Pictures in the records below are skipped; the rest is copied exactly.
[ENTRIES PROVIDED — start]
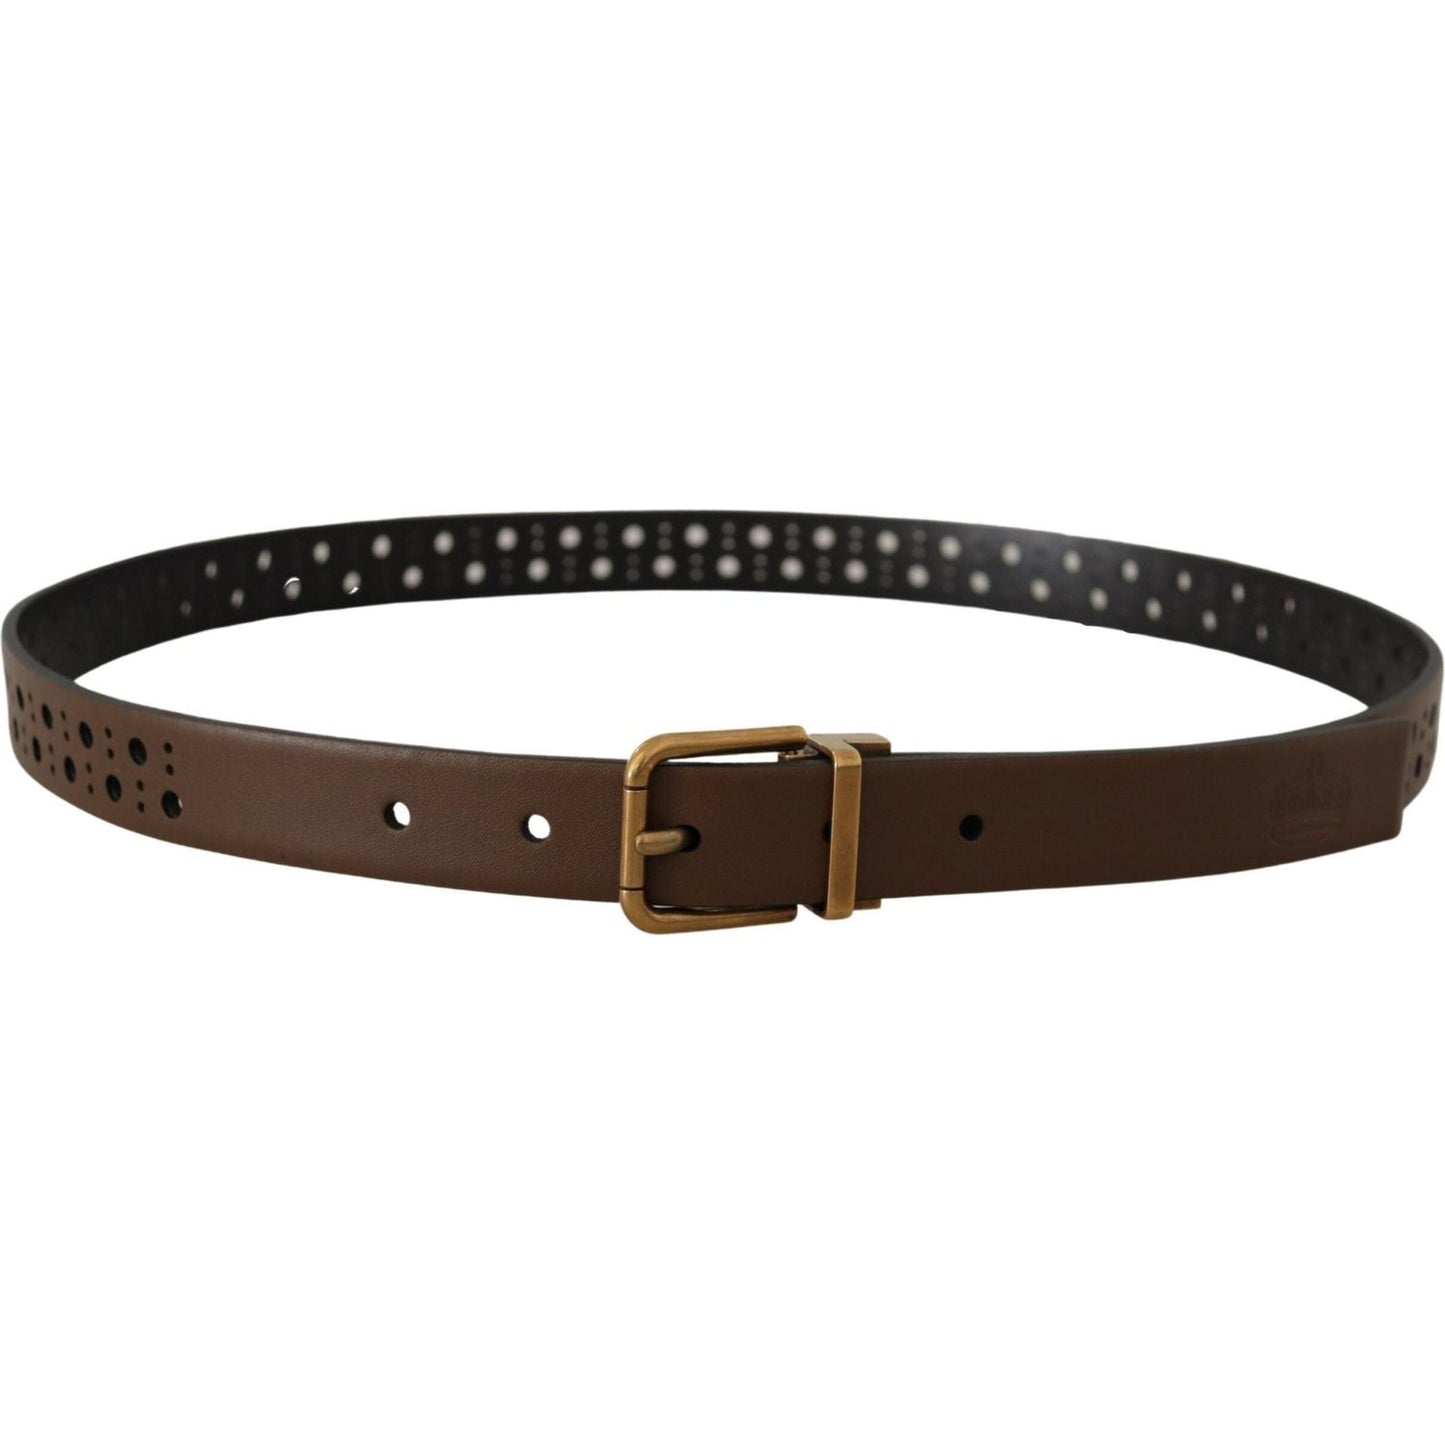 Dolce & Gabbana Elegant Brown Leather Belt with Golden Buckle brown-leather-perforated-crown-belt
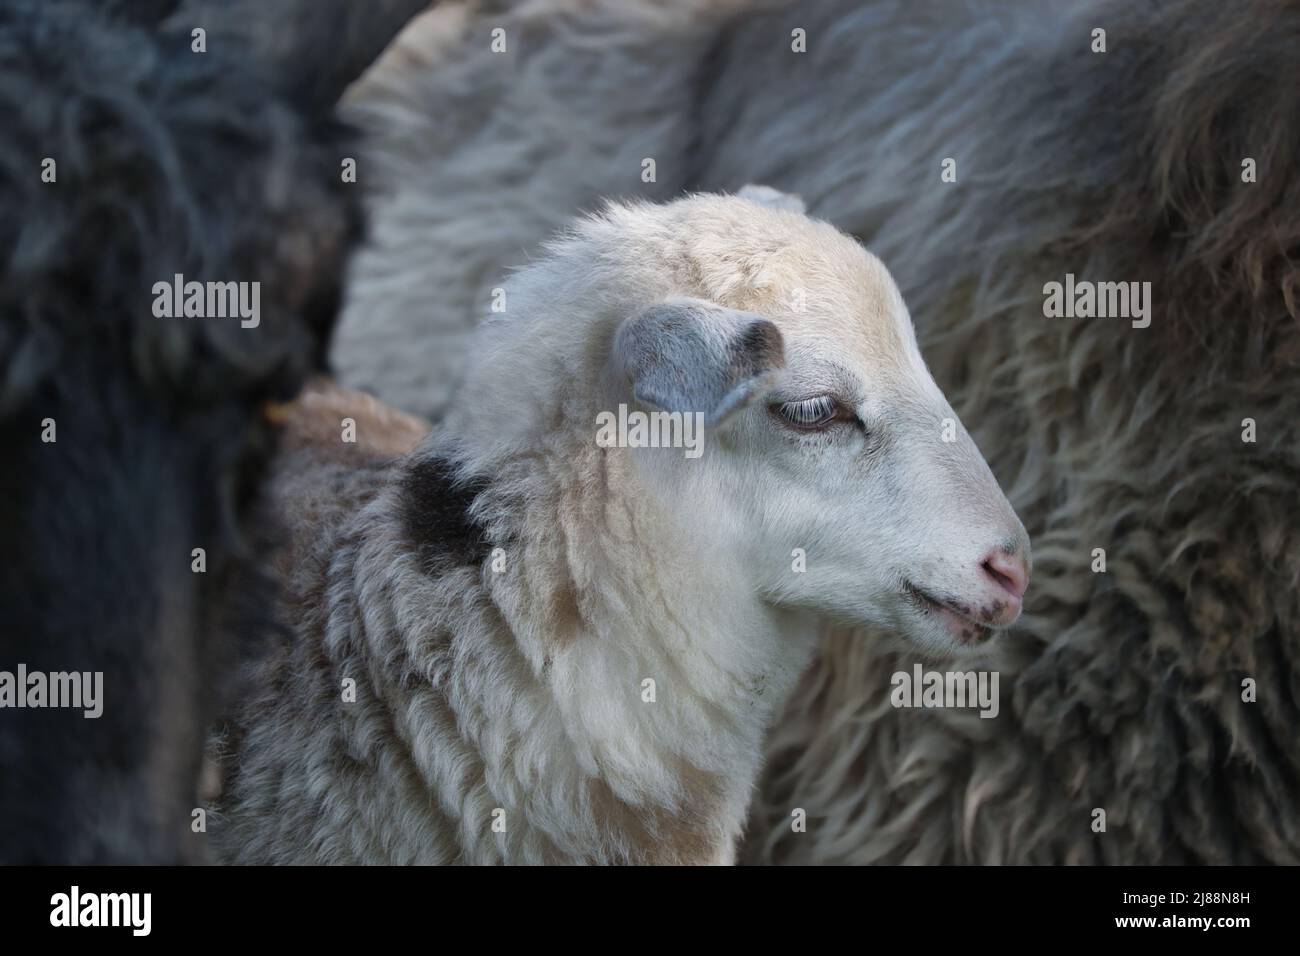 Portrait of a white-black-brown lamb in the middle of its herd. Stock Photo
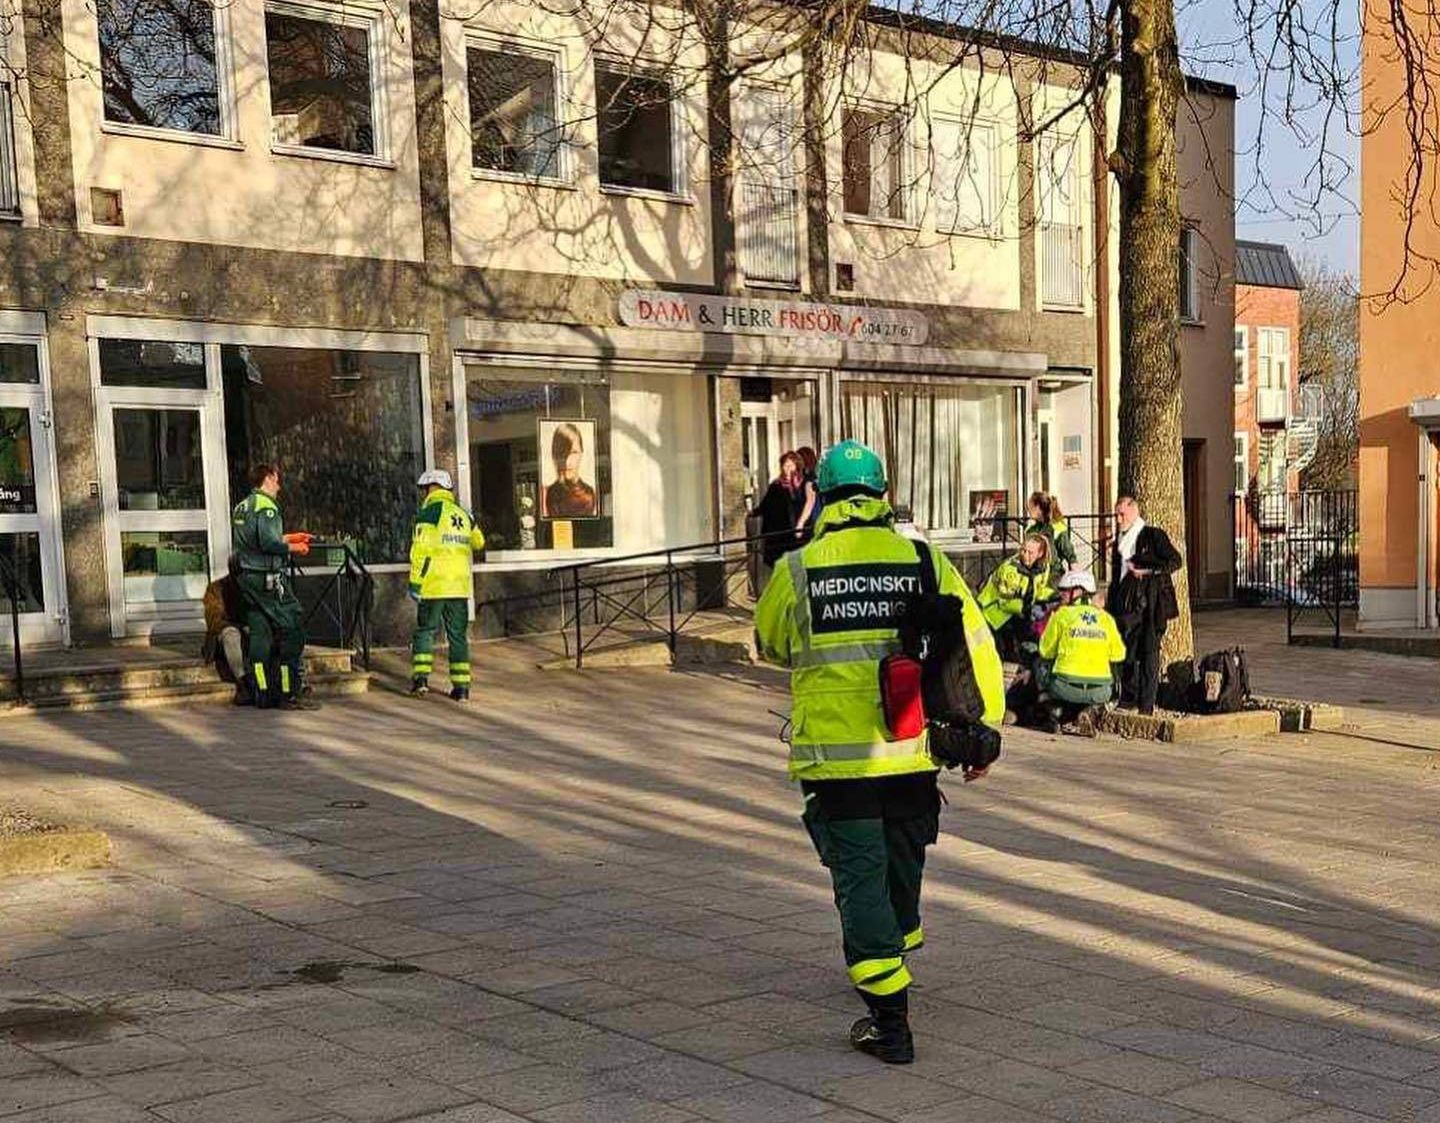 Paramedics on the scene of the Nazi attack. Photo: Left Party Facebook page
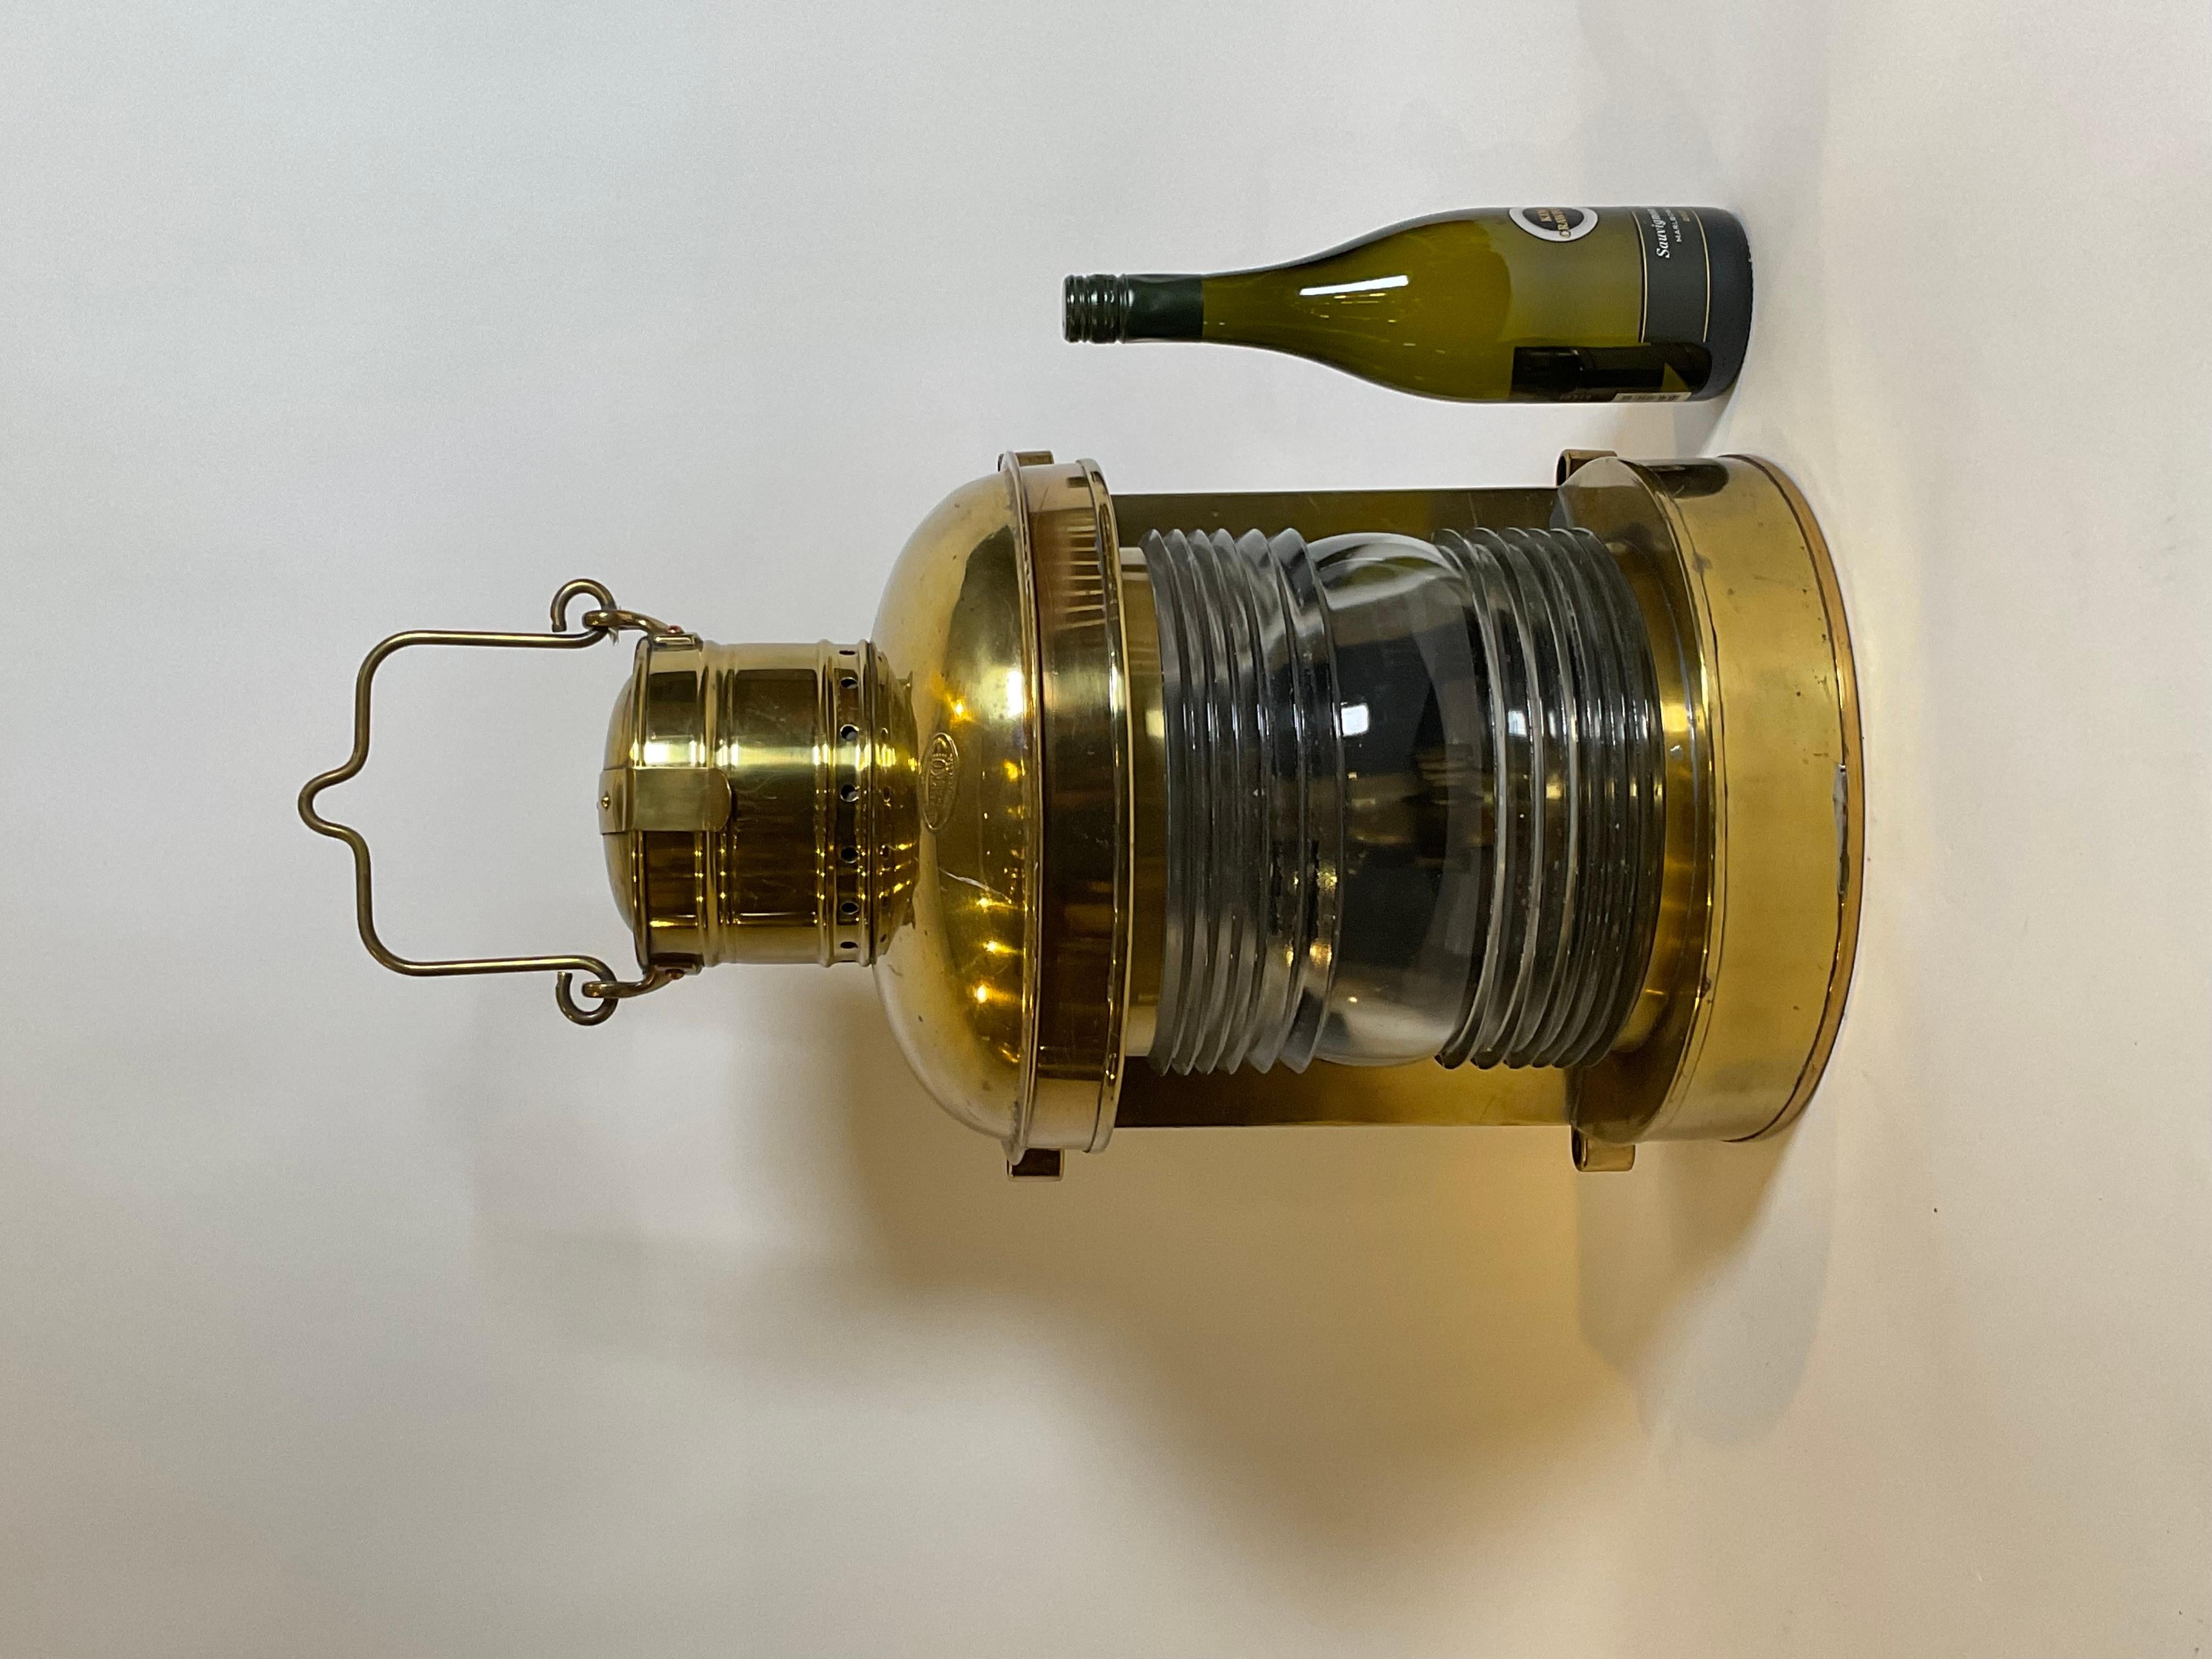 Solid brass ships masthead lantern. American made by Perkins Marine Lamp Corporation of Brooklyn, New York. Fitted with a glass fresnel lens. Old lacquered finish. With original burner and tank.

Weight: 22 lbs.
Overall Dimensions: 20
[ENTRIES PROVIDED — finish]
**ANSWER BELOW**
 Dolce & Gabbana Elegant Brown Leather Belt with Golden Buckle brown-leather-perforated-crown-belt
 Portrait of a white-black-brown lamb in the middle of its herd. Stock Photo
 Paramedics on the scene of the Nazi attack. Photo: Left Party Facebook page
 Solid brass ships masthead lantern. American made by Perkins Marine Lamp Corporation of Brooklyn, New York. Fitted with a glass fresnel lens. Old lacquered finish. With original burner and tank.

Weight: 22 lbs.
Overall Dimensions: 20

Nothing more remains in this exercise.